Mark Collier, chief operating officer of the OpenStack Foundation, wrote in a blog post announcing the news: “Few companies understand cloud-native apps at scale like Google, so I expect big things as Google developers contribute to OpenStack projects like Magnum.”

He added: “OpenStack gives [companies] a solid platform to explore new and compelling technologies as they emerge, and I know they’ll be even more confident in that path knowing that Google has joined our mission to make OpenStack the platform for containerised workloads.”

Google joins the more than 100 current corporate sponsors, which practically reads like a who’s who of tech. The eight platinum members, of whom the majority of funding derives, includes AT&T, HP, IBM, Rackspace and Red Hat. The search giant’s key selling point for OpenStack is its expertise in software containers, notably gaining prominence due to products such as Docker. Google currently launches two billion containers a week.

The move is being seen as a fillip for OpenStack, after recent venture capital investments were beginning to run dry. Similarly, the likes of EMC buying Cloudscaling in October signified a wider trend of larger companies dominating and swallowing up smaller firms.

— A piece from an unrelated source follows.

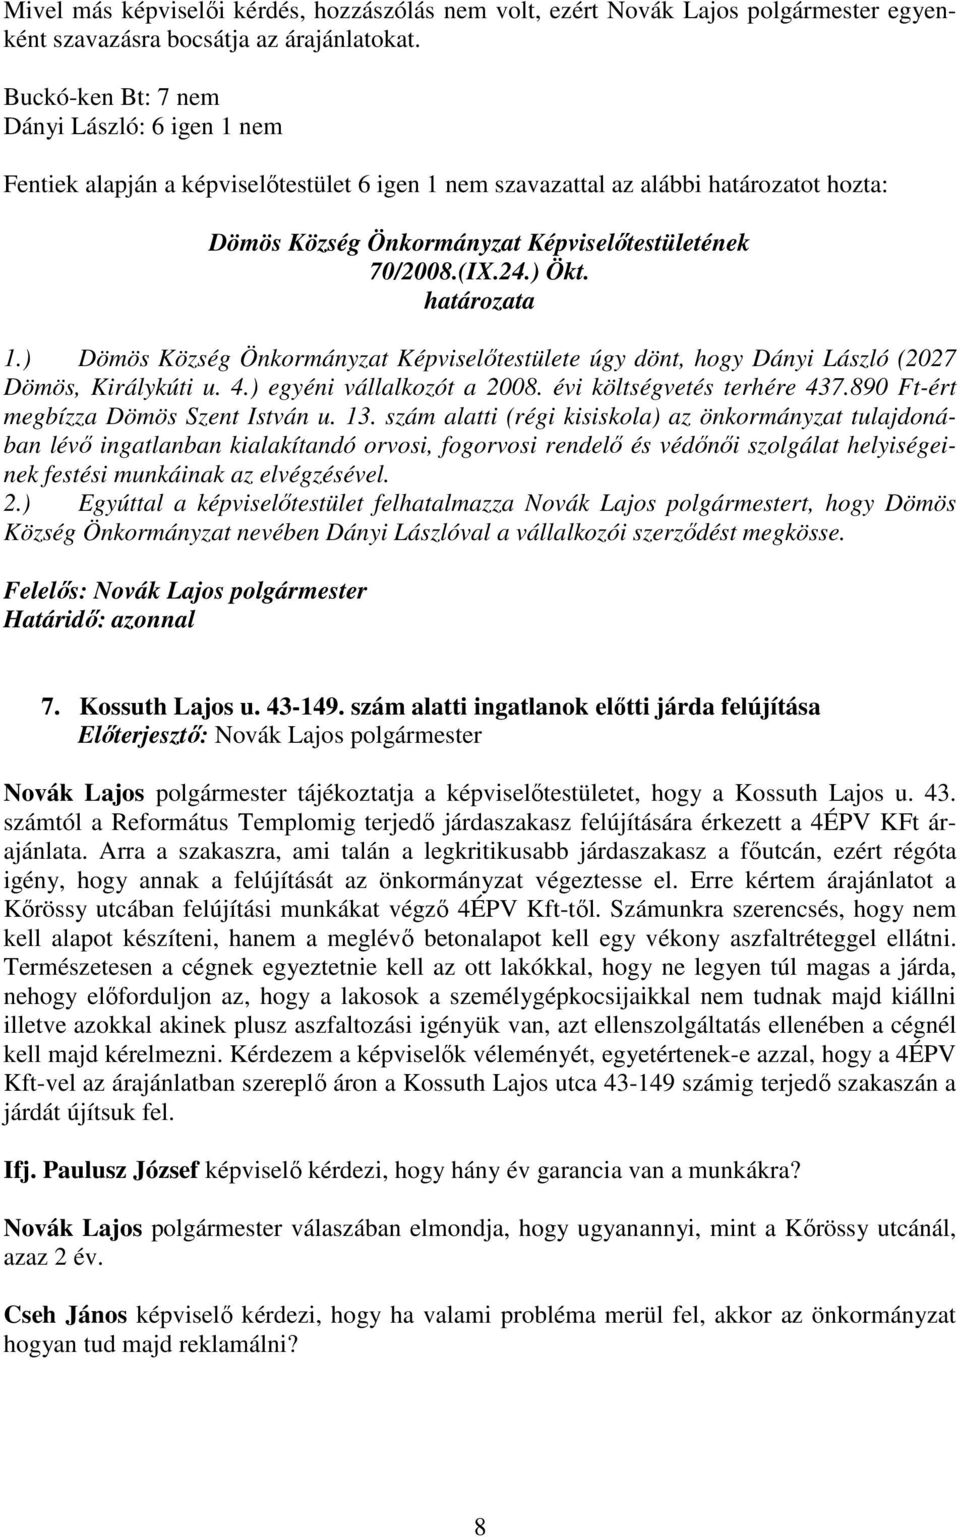 ) Dömös Község Önkormányzat Képviselıtestülete úgy dönt, hogy Dányi László (2027 Dömös, Királykúti u. 4.) egyéni vállalkozót a 2008. évi költségvetés terhére 437.
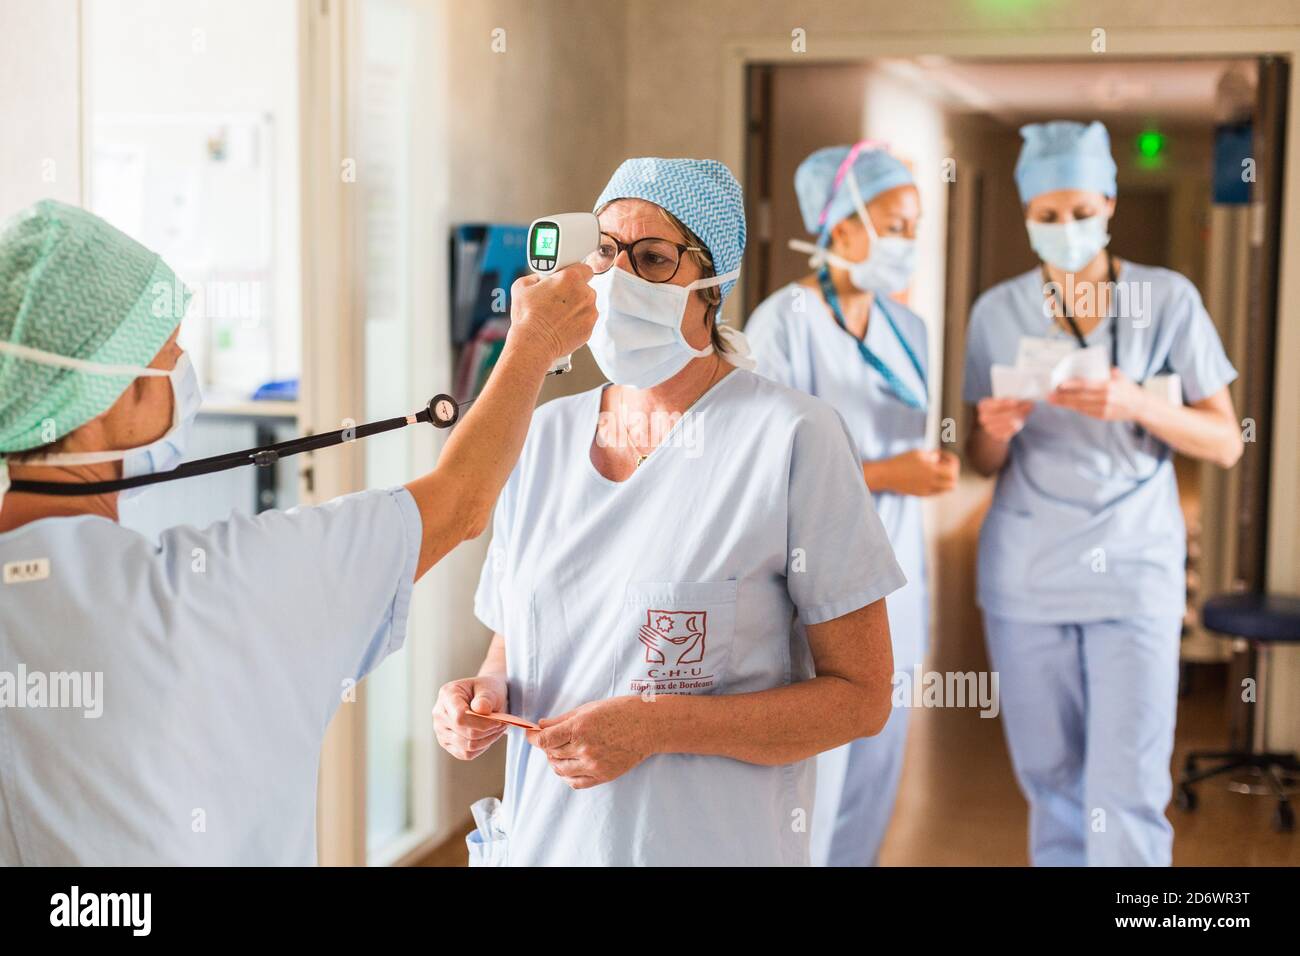 Wiederaufnahme der Tätigkeit in der multifunktionalen ambulanten Chirurgie mit Überwachung der COVID Gesundheitssicherheitsprotokolle, Krankenhaus Bordeaux, Mai 2020. Stockfoto

There is one other angle this announcement could be viewed from. While the list of companies tied up in OpenStack is impressive both in length and breadth, two notable absentees remain Microsoft and Amazon Web Services (AWS), Google’s main rivals in cloud infrastructure as a service. As Matt Weinberger of Business Insider points out, Microsoft’s dominance in hybrid cloud, through a combination of Windows Server and Azure public cloud, and AWS’ huge market lead in cloud infrastructure – latest estimates put Amazon’s revenue at more than its four main competitors put together.

Earlier this month, CSC chief enterprise architect David Auslander wrote for this publication that OpenStack was ready for prime time, with the right planning and the support of an integrated vendor.